Home Theater Network
- Country: United States
- Broadcast area: Nationwide
- Headquarters: Portland, Maine, U.S.

Programming
- Language(s): English

Ownership
- Owner: Group W Satellite Communications

History
- Launched: September 1, 1978 (46 years ago)
- Closed: January 31, 1987 (38 years ago) (8 years, 4 months and 30 days)
- Replaced by: Travel Channel

= Home Theater Network =

Former American cable TV network

Home Theater Network (HTN) was an American premium cable television network that was owned by Group W Satellite Communications. Targeted at a family audience, the channel focused primarily on theatrically released motion pictures, along with travel interstitials that aired between select films.

==History==
Home Theater Network launched on September 1, 1978. Originally owned by Diversified Communications, the service was later sold off a majority share to Westinghouse Broadcasting in 1980. The service operated initially for four hours a day, and later expanded its schedule to 12 hours a day; HTN was notable for airing non-exclusive G and PG-rated films (prior to 1984, when the PG-13 rating was first introduced by the Motion Picture Association of America). The channel boasted a policy of not running R-rated feature films (predating the launch of family-oriented multiplex services by HBO and Showtime that also omitted R-rated films from their schedules), and marketed itself as a lower-priced alternative to HBO, Cinemax, Showtime (which Group W later owned in part, making HTN a de facto sister network to Showtime from 1982, when it acquired TelePrompTer Corporation, to 1983) and The Movie Channel.

Prior to The Disney Channel's April 1983 launch, Walt Disney Pictures licensed select live-action films to many premium cable networks (including HBO, Showtime and Spotlight); as a result, HTN featured Disney fare such as Freaky Friday, Snowball Express, Pete's Dragon, Bedknobs and Broomsticks and The North Avenue Irregulars. Other films that HTN featured included Xanadu and The Private Eyes.
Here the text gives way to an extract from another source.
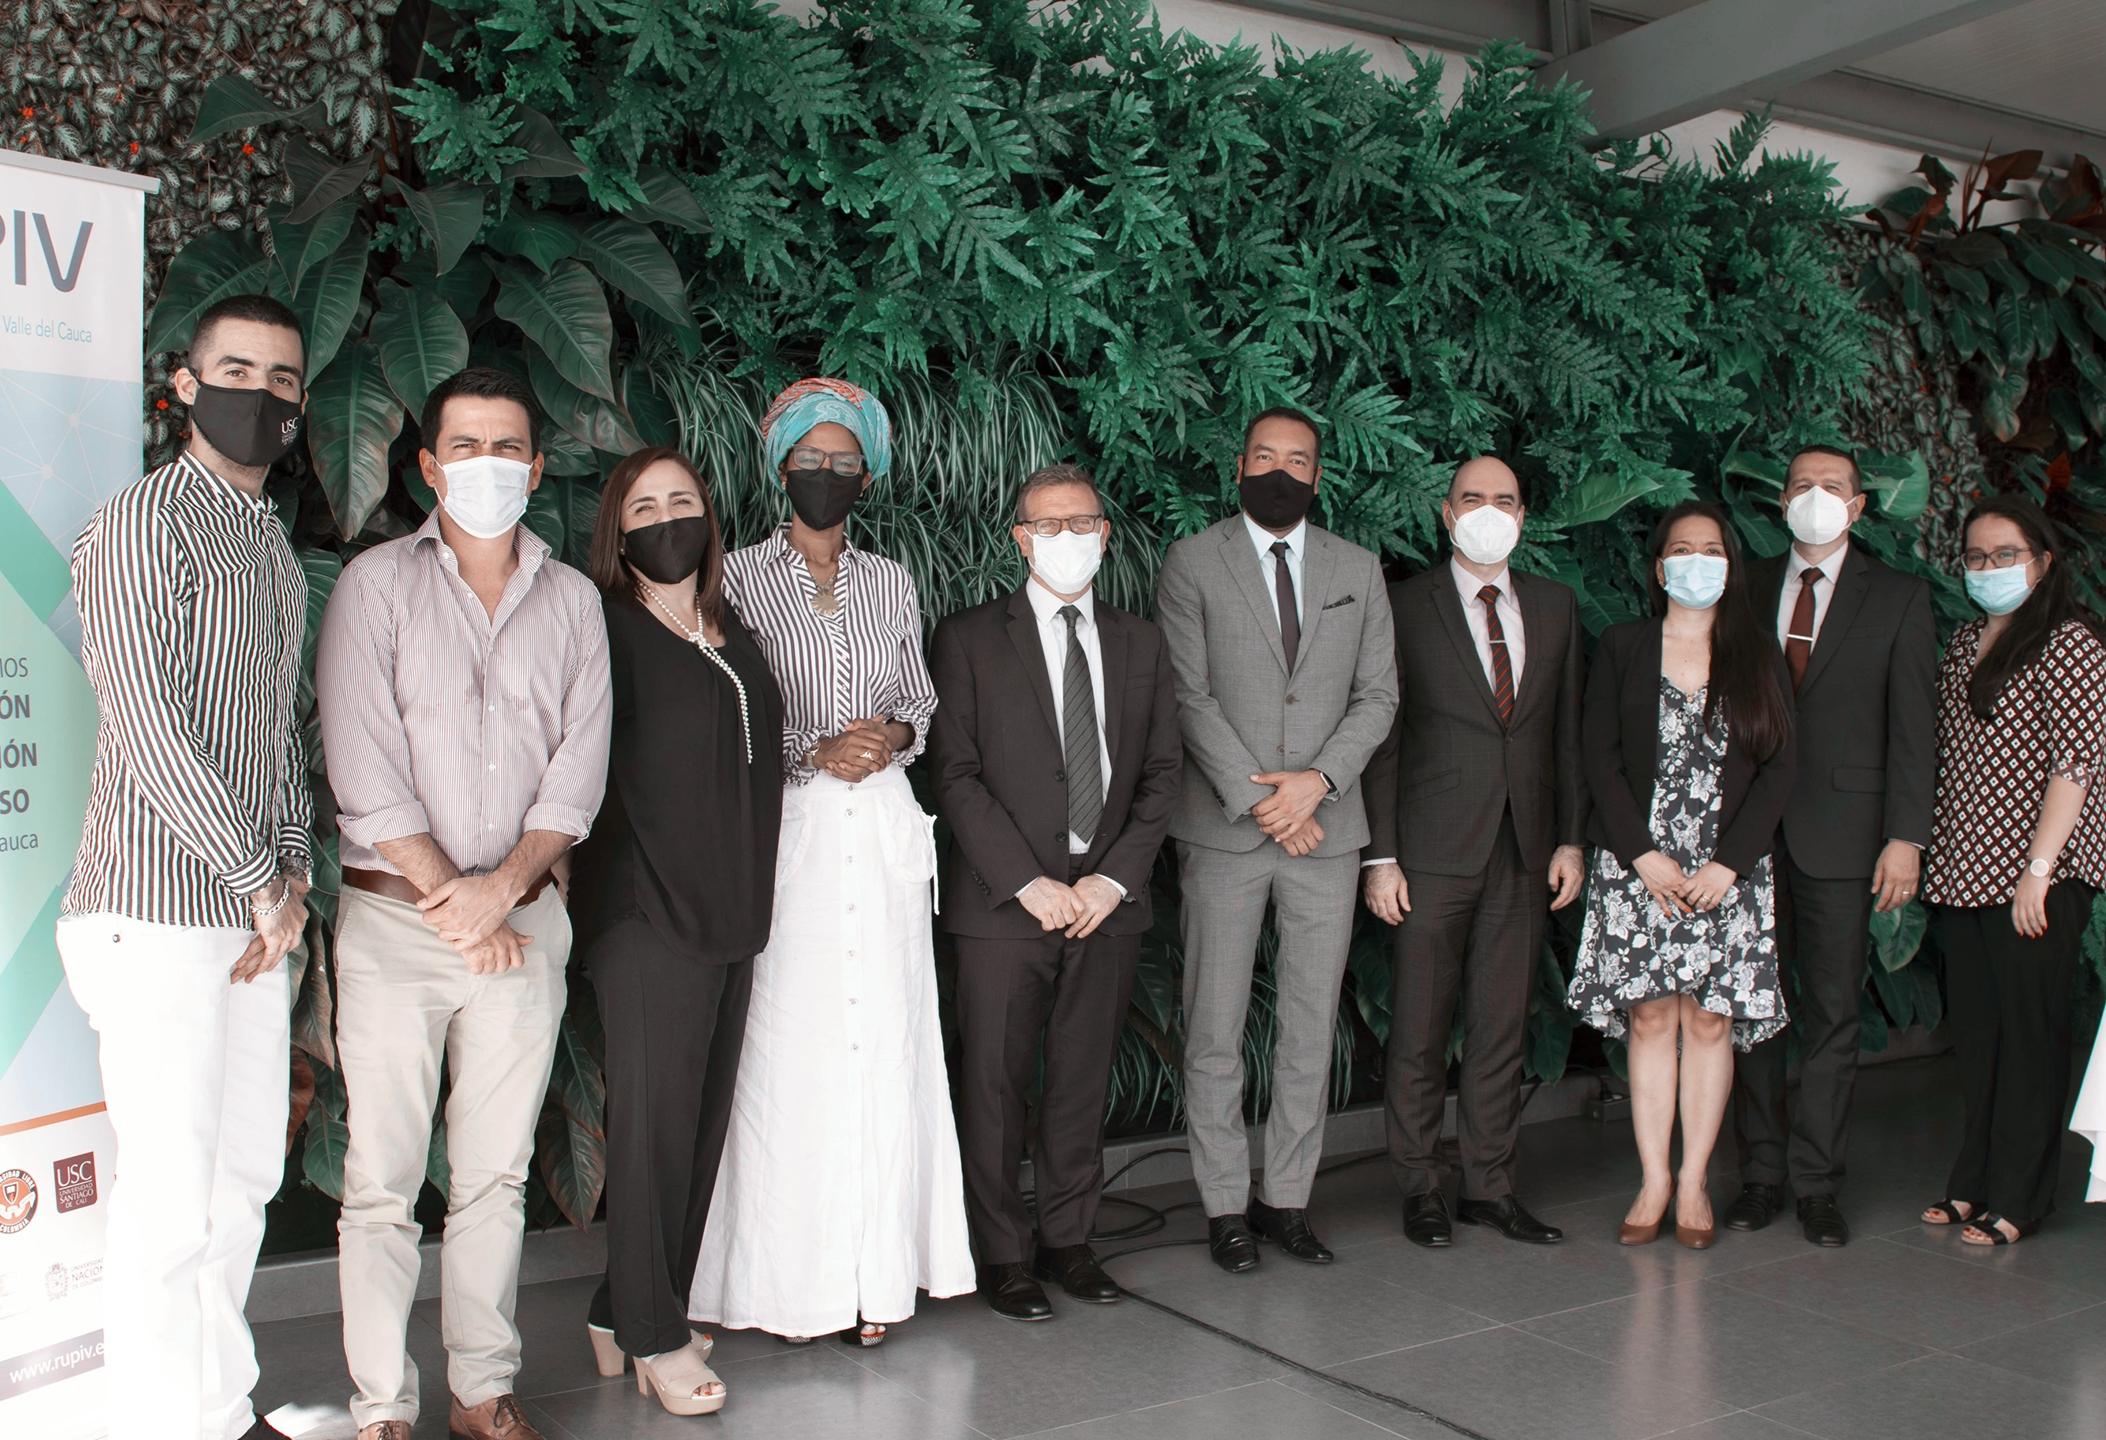 La RUPIV recibió la visita del Dr. Christian Cantor, Embajador de Israel en Colombia

In addition, the channel showcased travel-related programming as filler between films, billing these segments as "The Travel Channel".

In 1981, the service was expanded with the launch of HTN Plus, which was due to air four feature films daily in order to make up for the 12-hour expansion of the service.

From 1984 to 1985, Home Theater Network aired a live 90-minute call-in trivia program called Movie Talk America, in a Thursday primetime timeslot that was typically used to broadcast feature films. Hosted by Earle Ziff, the popular program would feature live calls from viewers as they competed for various prizes, as well as celebrity interviews and promotions for upcoming programs to be seen on HTN.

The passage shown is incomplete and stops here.